Ensuite j'ai pris la "Main" jusqu'au Plateau, fouiller les bouquinistes jusque tard dans la nuit. Un Durand "la symbolique de l'imaginaire". Toujours Bachelard, parfois dans de vieilles éditions annotées par leur ancien propriétaire et puis les Élégies de Duino de R.M.R encartonné de parme aux lettres jaune d'or. Le précieux ouvrage dans les mains, j'ai pris le métro jusque Place des ARTS trouver le rythme endiablé et sympathique de Pat et les Bas Blancs. Un moment j'ai regardé le ciel sans étoiles mais enfin dégagé. Tristan Malavoy, sous la tente plus loin chantait les vers de Beaudelaire. Une poignée de spectateurs dont je faisais partie a entonné quelques refrains avant de s'éparpiller dans les rues luisantes de pluie sous la lumière crue des hautes tours environnantes. Ha que j'aime Montréal la nuit, sécure et moîte. sES tours lancent des éclairs et semblent sourire des vitrines toujours illuminées. Des groupes dHommes s'attardent devant les nombreux cafés nonchalands et pas méchants. Je marche d'un pas rapide et élastique malgré la chaussure blessant mon pied nu. Une jeune femme pianote sur son ordinateur derrière la vitrine sale d'un Second Cup ouvert 24h sur 24. Au Tim, le temps de reprendre ce café allongé à l'extrême qui m'hydrate toute la journée, je surprends un vieux couple de japonais, yeux dANs les yeux devant un thé et quelques jeunes gens perdus dans des lectures didactiques... Il est tard, je redescends la rue Guy, passe devant le Salvatory Army pour entrer juste au coin de la rue dans l'appartement où jonchent le sol des légendes iroquoises et celles du Fleuve des premiers missionnaires. J'aime me bercer de ces histoires troublantes pour découvrir et comprendre surtout une ville de prime abord incongrue qui peu à peu m'apprend sur elle et sur moi même : le choc des rencontres, l'ébranlement du destin qu'elles engendrent, la forme et l'élan absolument uniques qu'elles "inventent". Montréal est une femme, une île prenant dans ses bras le Fleuve, la vie et les hommes, leurs espoirs et leurs craintes.
Cette nuit, fermant les yeux au son de la musique, balançant mon corps en souvenir j'ai retrouvé tes gestes, ton regard sur moi et tes manières de faire, de dire aussi : toi t'habillant encore ruisselant, lançant nerveusement ta canne, serrant tes lèvres sur la cigarette ; ta conduite assurée, le bras sur l'accoudoir et ta main sur ma cuisse ; ton corps frissonnant entre mes jambes sans que plus rien d'autre n'existe même la chambre, la fenêtre et la lumière merveilleuse d'un matin à Vrs; assoupi sur la couverture de laine au milieu de la prairie alpine, ton chapeau sur les yeux, juste tes lèvres donnant envie ; me sussurant à l'oreille sous la tente au Cairn que cette nuit on avait tous les deux cassé des ombres ; fumant pieds nus sur la terre chaude et sous un carré d'étoiles justement ;..

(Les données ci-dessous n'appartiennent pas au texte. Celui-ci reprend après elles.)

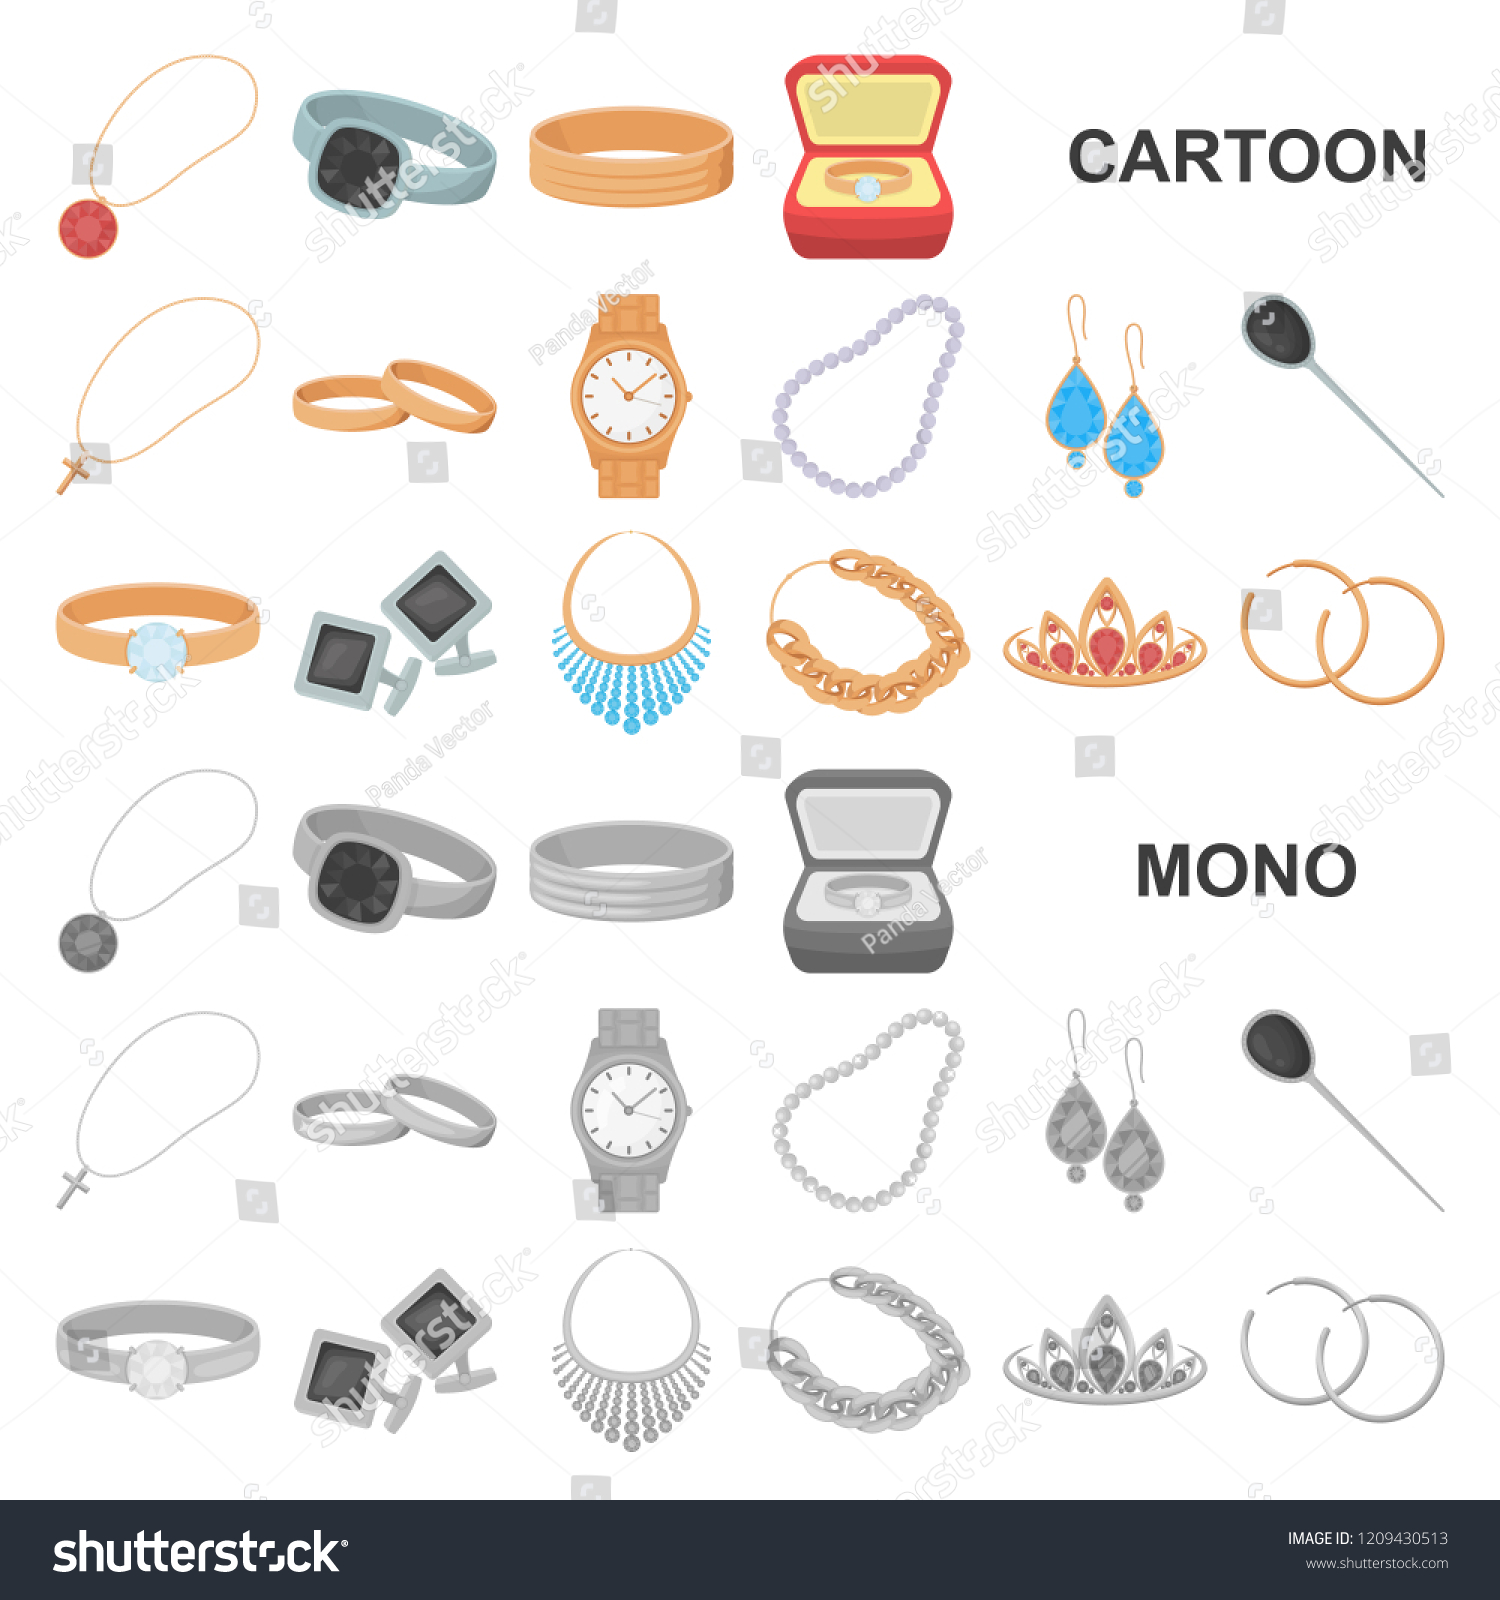 Jewelry and accessories cartoon icons in set - Royalty Free Stock ...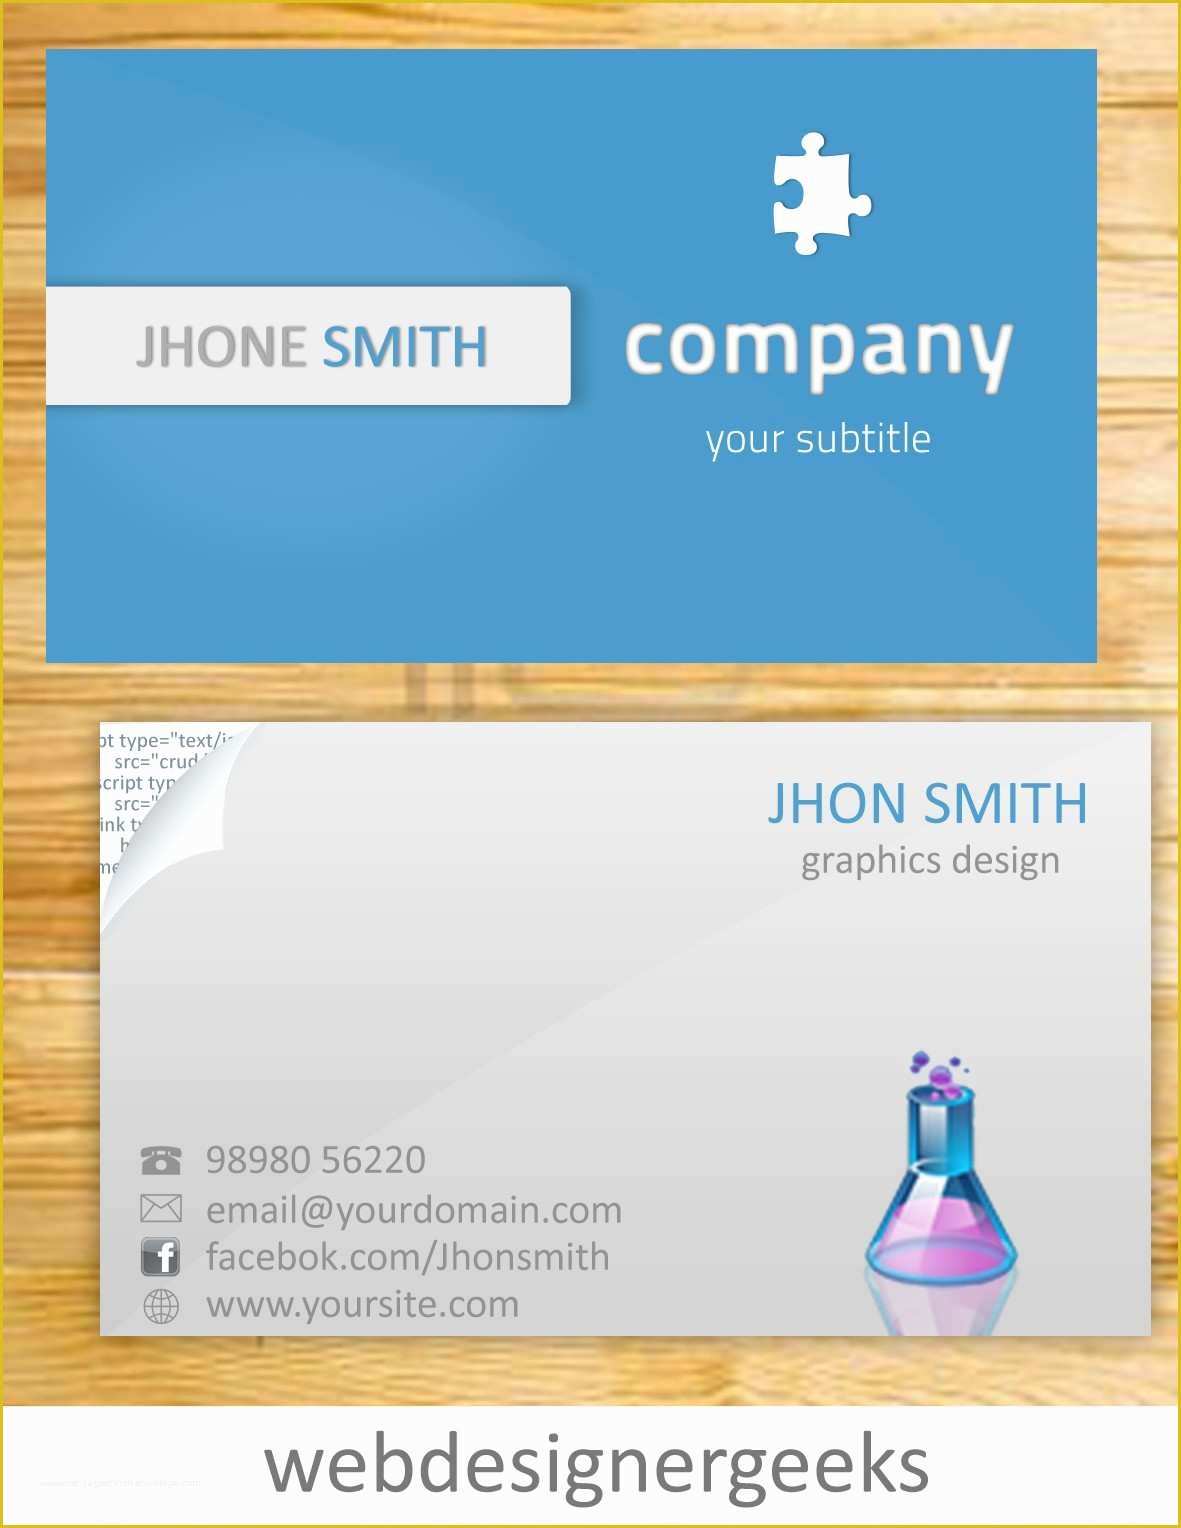 Business Card Template Illustrator Free Of Elegant Vistaprint Postcard Template Illustrator

Je sais que je ne dois pas me souvenir sinon je vais mourir loin de toi. J'ai trop besoin de ça. Tout ce que je découvre je meurs d'envie de te le faire partager, frissonner mon bras contre le tien, m'étonner mon regard tout près du tien, jusqu'à mastiquer à la même cadence que toi et surtout, surtout boire ces cafés allongés et t'embrasser après longuement, merveilleusement pendant des stations et des stations, parcourir ainsi Montréal dans ses entrailles de femme jalouse éternellement.
R je t'aime dans les profondeurs de mon être et dans les horizons dicibles de la vie que je veux avec toi.
Ne m'oublie pas, mon amour, je mourrais sinon.